I am also thankful that he was sitting still, parked, and not driving on the highway where the tragedy may have wreaked havoc on others had a collision occurred. Perhaps he realized this and intentionally did not start his car. I have to believe he was overcome quickly as he did not attempt to use his cell phone or call out for help.

I hope his friends remember him as a good guy, who was proud of his service in the United States Marines and belonged to the American Legion. (He served in the first Desert Storm.) There will be a military funeral on Monday. He was a Steelers fan, a pretty fair and adventuresome cook and enjoyed, of all things, listening to Dean Martin! (He always claimed to have been “born too late for the good music“.) He played on a darts team. Childless himself, he had four nieces and a nephew who will remember him as a “fun” uncle.

As we were closer in age than many aunts and nephews, we grew up more like brother and sister. We fought like siblings and banded together in the same way. He was in our home more than in his own parents’ home when he was young and he and my niece both credited my mother (and grandmother) with much of their formative life experiences. As a teenager and young adult he lived with his Dad and step-mother where they continued shaping him into the strong, intelligent adult he became.

After his Dad’s death less than 20 months ago, he and his step-mother remained close. In fact, it is she who was notified by the police and has had the daunting task of informing the family and putting together the funeral arrangements. He called her “Mom” and loved her as any young man can love a mother. She is truly a part of our family and I thank her for being there for him in good times and bad and for “taking care of him” now.

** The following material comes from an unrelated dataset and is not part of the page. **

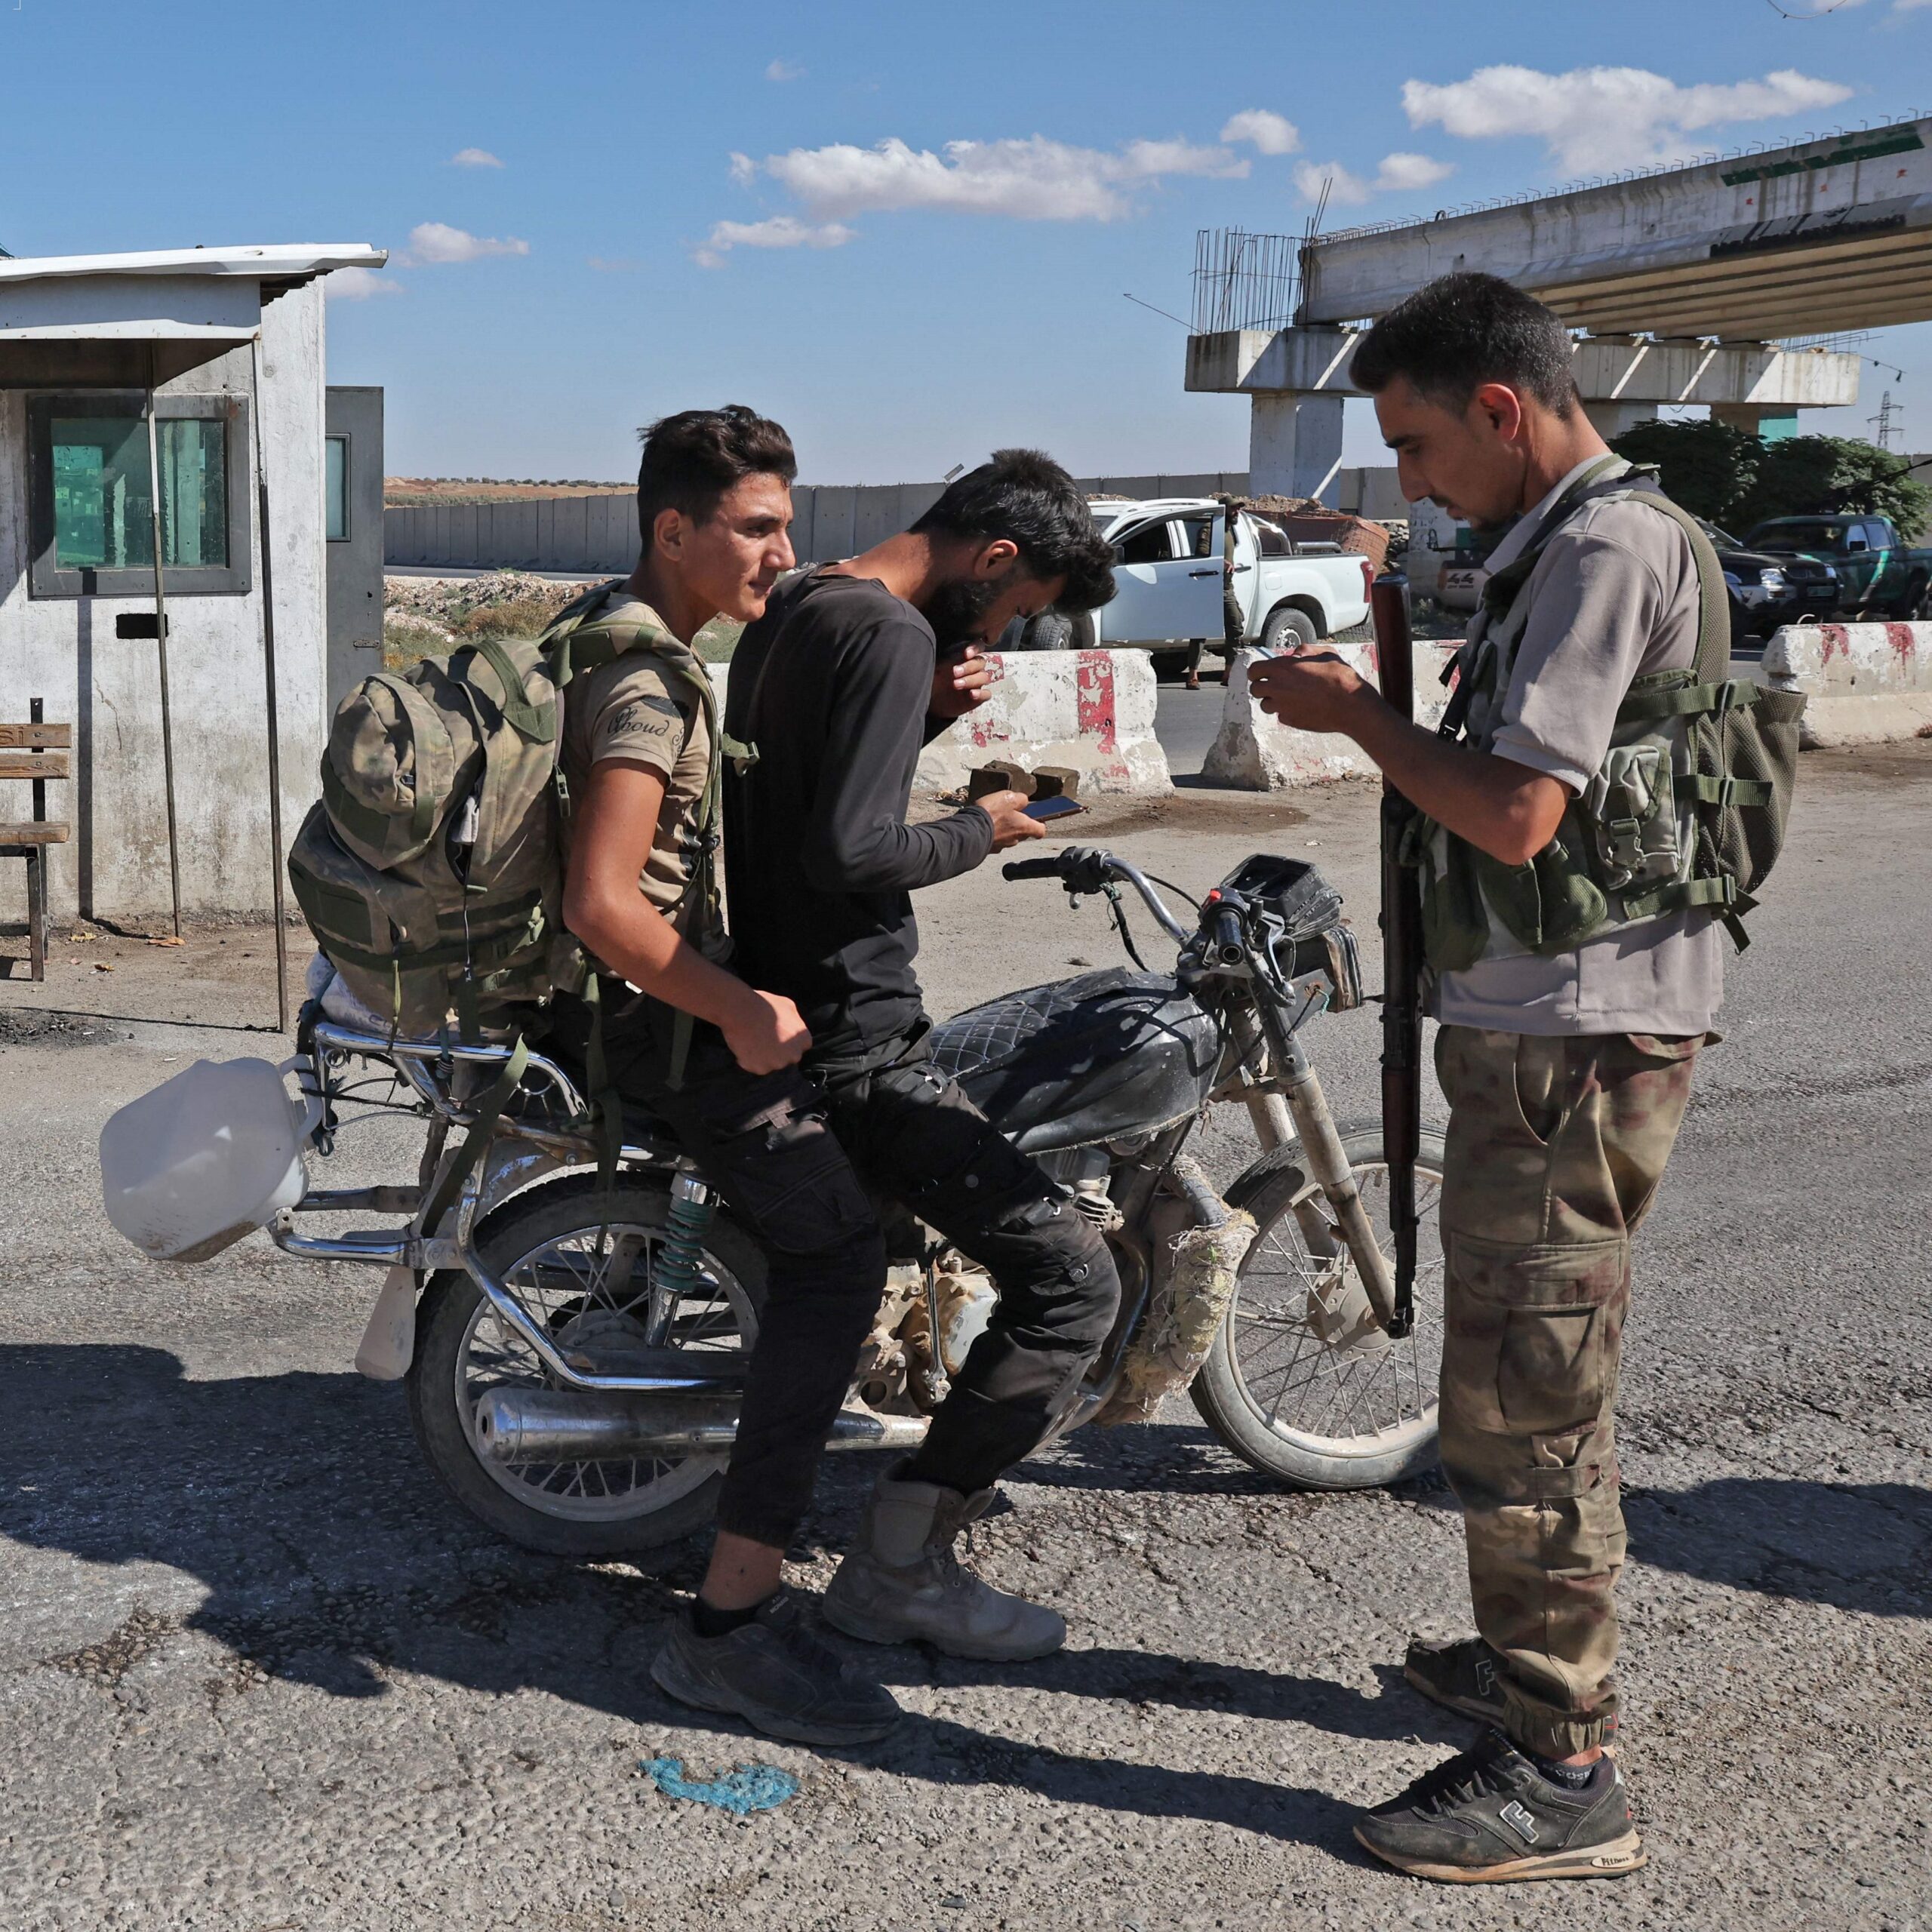 Fighters from the Turkish-backed Free Syrian Army are deployed on a checkpoint in the area of Kafr Jannah on the outskirts of the Syrian town of Afrin on 19 October 2022

Things have been dragged out for a few days as military funerals are scheduled by the Veterans’ cemetery involved and they tell the family when it can occur. We are lucky to have received a close date. I have known some who have been held at bay for weeks and, in the case of Arlington, even months.

I don’t think we, as a family and individually, have truly felt the full impact of this yet. That comes later when the hectic activity slows and we have time to just feel the loss. I was not involved in the chaos of planning the funeral or in the emptying of his apartment which was handled by his brother and sister and their spouses. I did make a number of calls to family and friends, among them, my sister, his mother.

They have been estranged for many years but she is his mother. It was a difficult call to make and, unfortunately, I had to do it late at night which somehow magnifies the news (as if it could get worse). She was, of course, greatly effected and has flown into town for the services. She is my sister and though we have had our differences over the decades, we have drifted closer in the last year or two as the immediate family has dwindled. My parents and brother are gone. She is the last surviving sibling.

Her poor relationship with her children has always been one of those issues that has grated on me. She has not done much better with her grandchildren either. I have seen and felt their pain over this issue for years. I am the one who picked her up from the airport and have her staying with me. I feel for her as I know she is somewhat of an outsider in this situation. I’m sure she has regrets and, now, with regard to her son, it is too late to mend fences. But, on the other hand, it is a world of her own making. I was pleased to see her go and spend time with my niece and her family today. Perhaps a light bulb will go off and she can begin working to improve that relationship now although, I’m not sure she fully realizes how tenuous it is. ( I'd like to remind all of you that time is NOT unlimited and you should work toward mending fences now. you can never predict when it will be too late.)

In the meantime, I feel caught in the middle. I am closer to the children and stepmother and feel the need to be with her and support her fully. They are the family I am with throughout the year on a regular basis. They are the folks I believe will be there for me when I need them. I also feel the need to be there for my sister. In the meantime, I need to deal with my own grief. It’s a tough and stressful situation.

Please keep us in your thoughts as we go through the next few difficult days.